Existing tables in DisasterResponse.db: [('Message',)]
Data loaded successfully from DisasterResponse.db.


### 2. Write a tokenization function to process your text data

In [12]:
import nltk
from nltk.tokenize import word_tokenize
from nltk.stem import WordNetLemmatizer
from nltk.corpus import stopwords
import string

# Ensure necessary NLTK resources are downloaded
nltk.download('punkt')
nltk.download('wordnet')
nltk.download('stopwords')

def tokenize(text):
    # Initialize the lemmatizer
    lemmatizer = WordNetLemmatizer()
    
    # Tokenize the text
    tokens = word_tokenize(text)
    
    # Convert tokens to lowercase and remove punctuation
    tokens = [word.lower() for word in tokens if word.isalpha()]
    
    # Remove stop words
    stop_words = set(stopwords.words('english'))
    tokens = [word for word in tokens if word not in stop_words]
    
    # Lemmatize tokens
    tokens = [lemmatizer.lemmatize(word) for word in tokens]
    
    return tokens


[nltk_data] Downloading package punkt to /root/nltk_data...
[nltk_data]   Package punkt is already up-to-date!
[nltk_data] Downloading package wordnet to /root/nltk_data...
[nltk_data]   Package wordnet is already up-to-date!
[nltk_data] Downloading package stopwords to /root/nltk_data...
[nltk_data]   Unzipping corpora/stopwords.zip.


In [14]:
import re
import nltk
from nltk.tokenize import word_tokenize
from nltk.stem import WordNetLemmatizer

# Ensure necessary NLTK resources are downloaded
nltk.download('punkt')
nltk.download('wordnet')

def tokenize(text):
    # Regular expression for detecting URLs
    url_pattern = re.compile(r'http[s]?://(?:[a-zA-Z]|[0-9]|[$-_@.&+]|[!*\(\),]|(?:%[0-9a-fA-F][0-9a-fA-F]))+')
    
    # Replace URLs with a placeholder
    text = url_pattern.sub('urlplaceholder', text)
    
    # Tokenize text into words
    tokens = word_tokenize(text)
    
    # Initialize lemmatizer
    lemmatizer = WordNetLemmatizer()
    
    # Process tokens: lemmatize, convert to lowercase, and strip whitespace
    processed_tokens = [lemmatizer.lemmatize(token).lower().strip() for token in tokens]
    
    return processed_tokens


[nltk_data] Downloading package punkt to /root/nltk_data...
[nltk_data]   Package punkt is already up-to-date!
[nltk_data] Downloading package wordnet to /root/nltk_data...
[nltk_data]   Package wordnet is already up-to-date!

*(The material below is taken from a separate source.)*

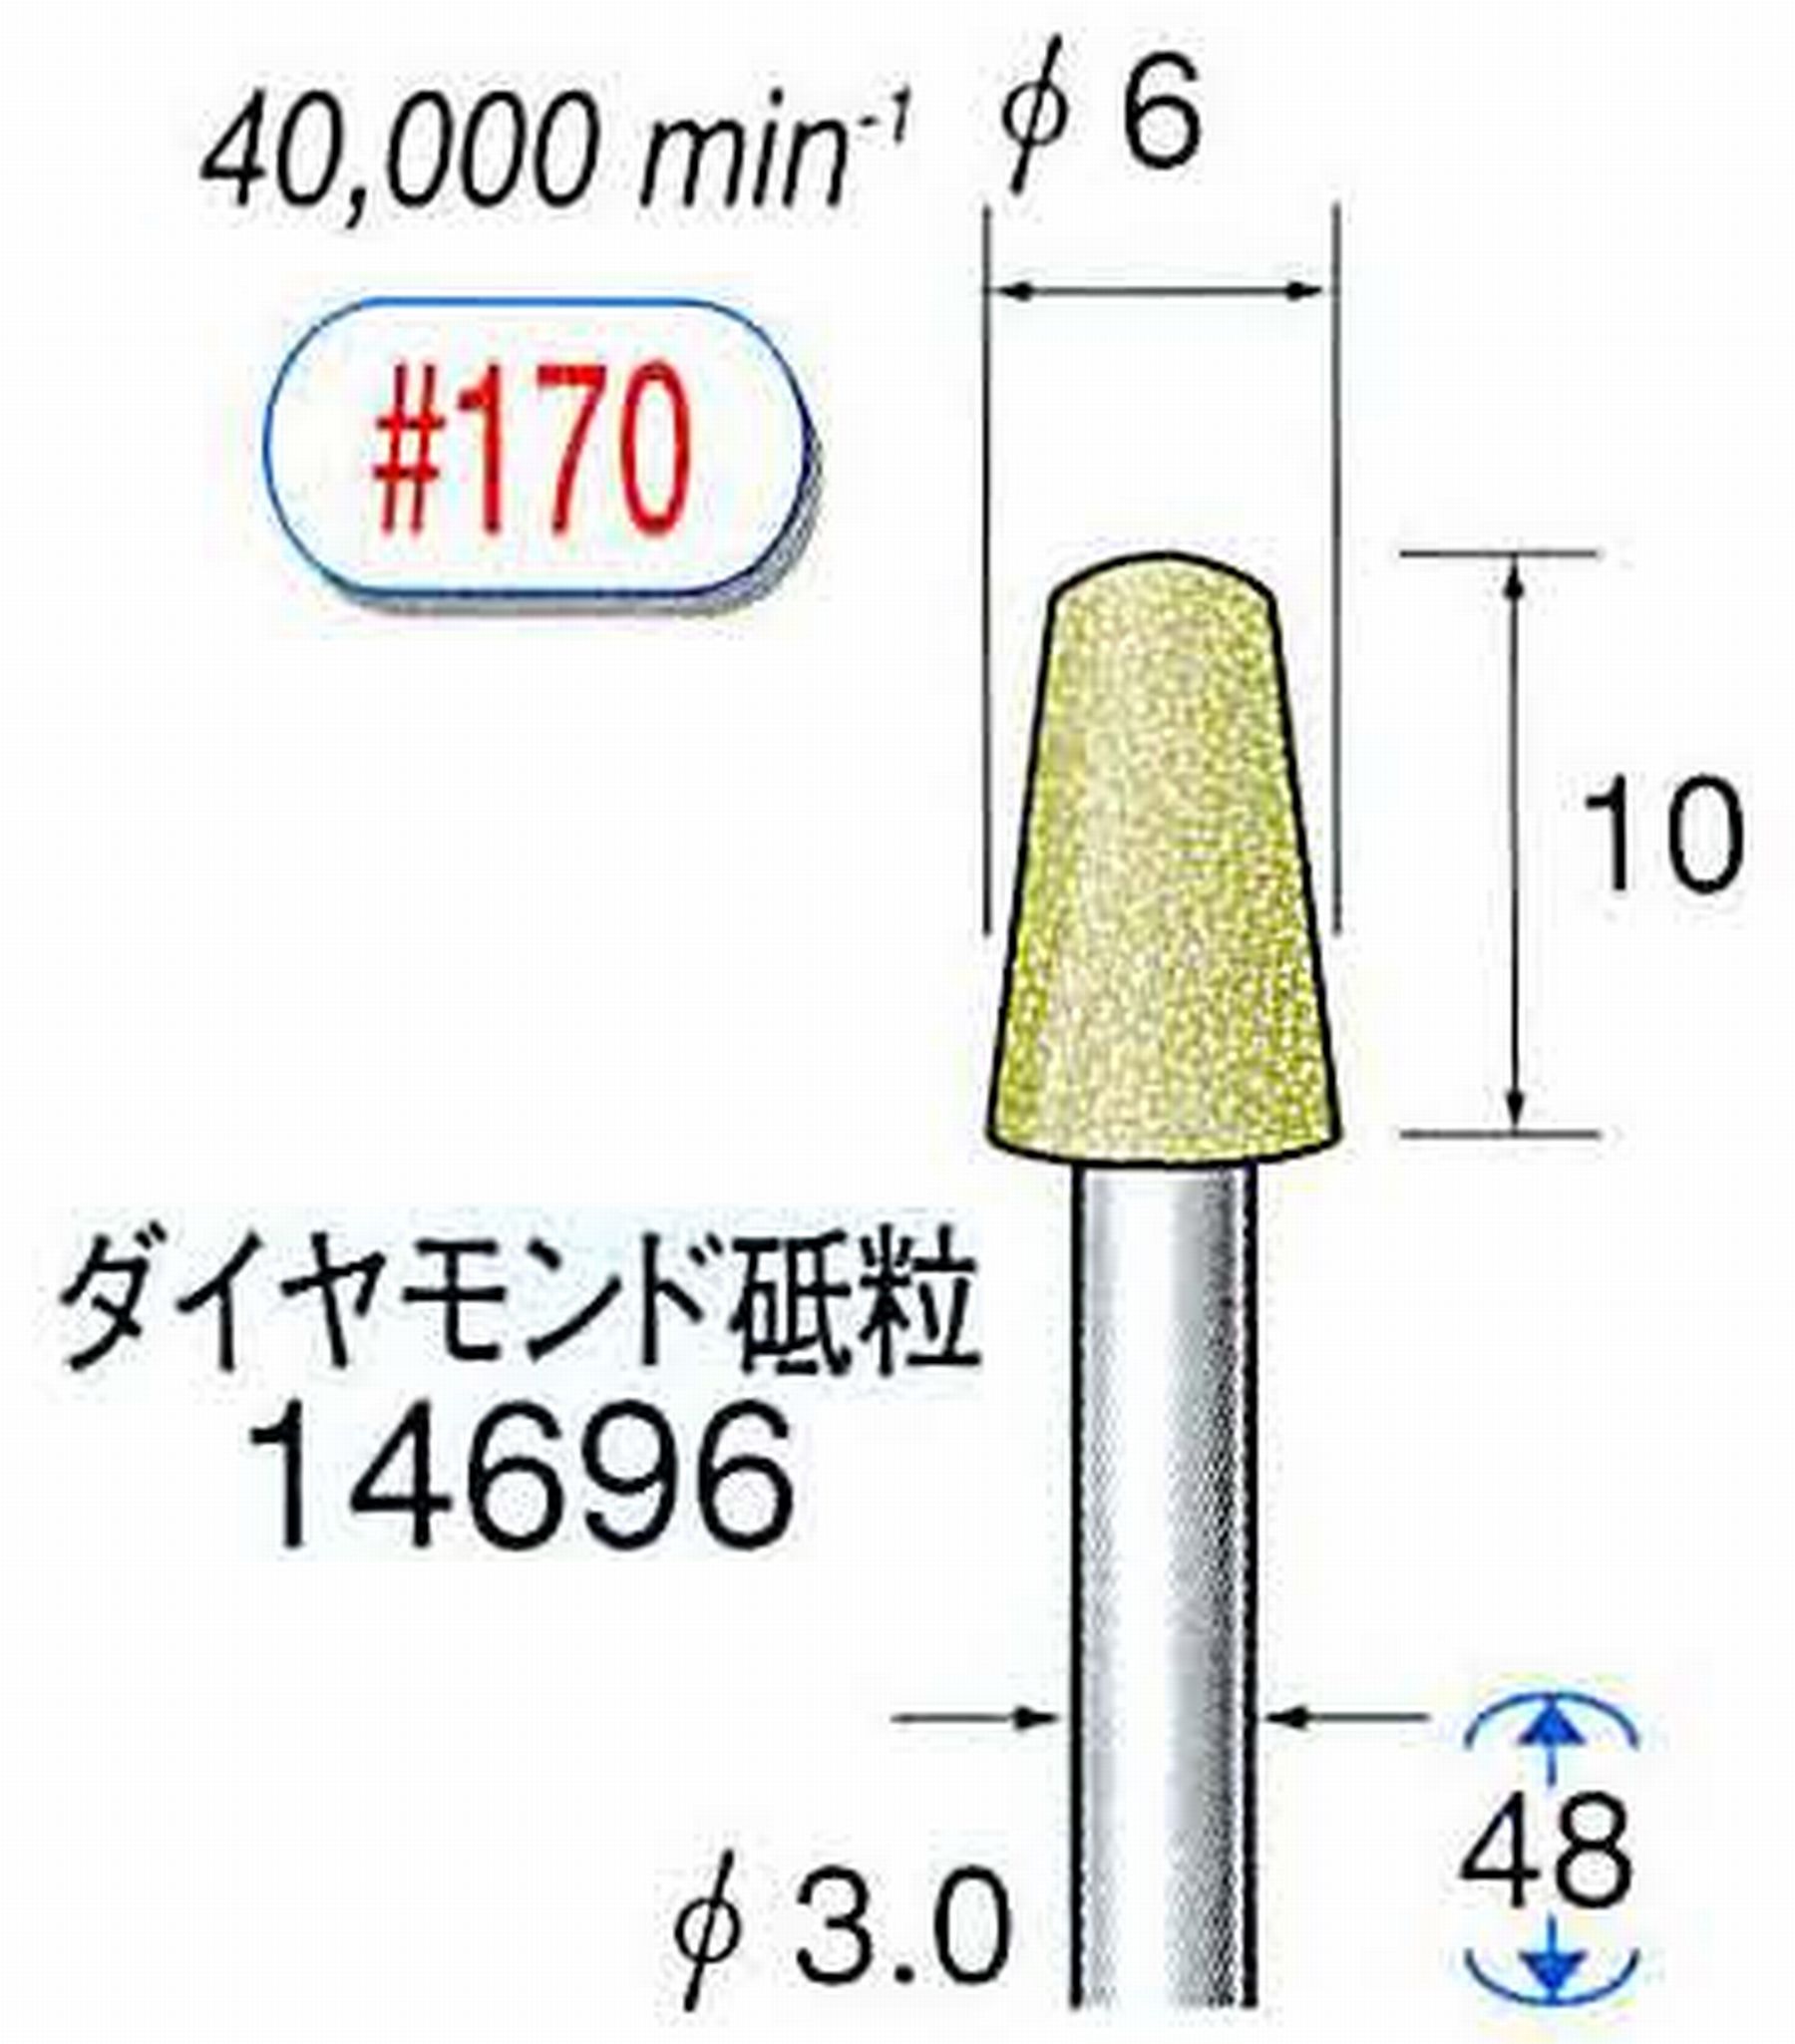 ナカニシ/NAKANISHI セラミックダイヤモンド砥石 ダイヤモンド砥粒 軸径(シャンク)φ3.0mm 14696

### 3. Build a machine learning pipeline
This machine pipeline should take in the `message` column as input and output classification results on the other 36 categories in the dataset. You may find the [MultiOutputClassifier](http://scikit-learn.org/stable/modules/generated/sklearn.multioutput.MultiOutputClassifier.html) helpful for predicting multiple target variables.

In [18]:
from sklearn.pipeline import Pipeline
from sklearn.feature_extraction.text import CountVectorizer, TfidfTransformer
from sklearn.multioutput import MultiOutputClassifier
from sklearn.ensemble import RandomForestClassifier

def build_pipeline():
    vectorizer = CountVectorizer(tokenizer=tokenize)
    transformer = TfidfTransformer()
    classifier = MultiOutputClassifier(RandomForestClassifier())
    
    # Assemble the pipeline
    text_pipeline = Pipeline([
        ('vectorizer', vectorizer),
        ('transformer', transformer),
        ('classifier', classifier)
    ])
    
    return text_pipeline


In [19]:
from sklearn.base import BaseEstimator, TransformerMixin

class WordCountTransformer(BaseEstimator, TransformerMixin):
    def fit(self, X, y=None):
        return self
    
    def transform(self, X):
        # Count the number of words in each document
        return [[len(doc.split())] for doc in X]


In [20]:
from sklearn.pipeline import Pipeline, FeatureUnion
from sklearn.feature_extraction.text import CountVectorizer, TfidfTransformer
from sklearn.multioutput import MultiOutputClassifier
from sklearn.ensemble import AdaBoostClassifier

def create_pipeline():
    # Define text processing pipeline
    text_processing = Pipeline([
        ('vectorizer', CountVectorizer(tokenizer=tokenize)),
        ('tfidf_transformer', TfidfTransformer())
    ])
    
    # Define feature union
    feature_union = FeatureUnion([
        ('text', text_processing),
        ('verb_extractor', StartingVerbExtractor())
    ])
    
    # Define full pipeline
    full_pipeline = Pipeline([
        ('features', feature_union),
        ('classifier', MultiOutputClassifier(AdaBoostClassifier()))
    ])
    
    return full_pipeline


### 4. Train pipeline
- Split data into train and test sets
- Train pipeline

In [30]:
import pandas as pd
from sqlalchemy import create_engine

# Load data from the CSV file
df_from_csv = pd.read_csv('categories.csv')  # Update this path if necessary

# Connect to the database
engine = create_engine('sqlite:///ETL_Preparation.db')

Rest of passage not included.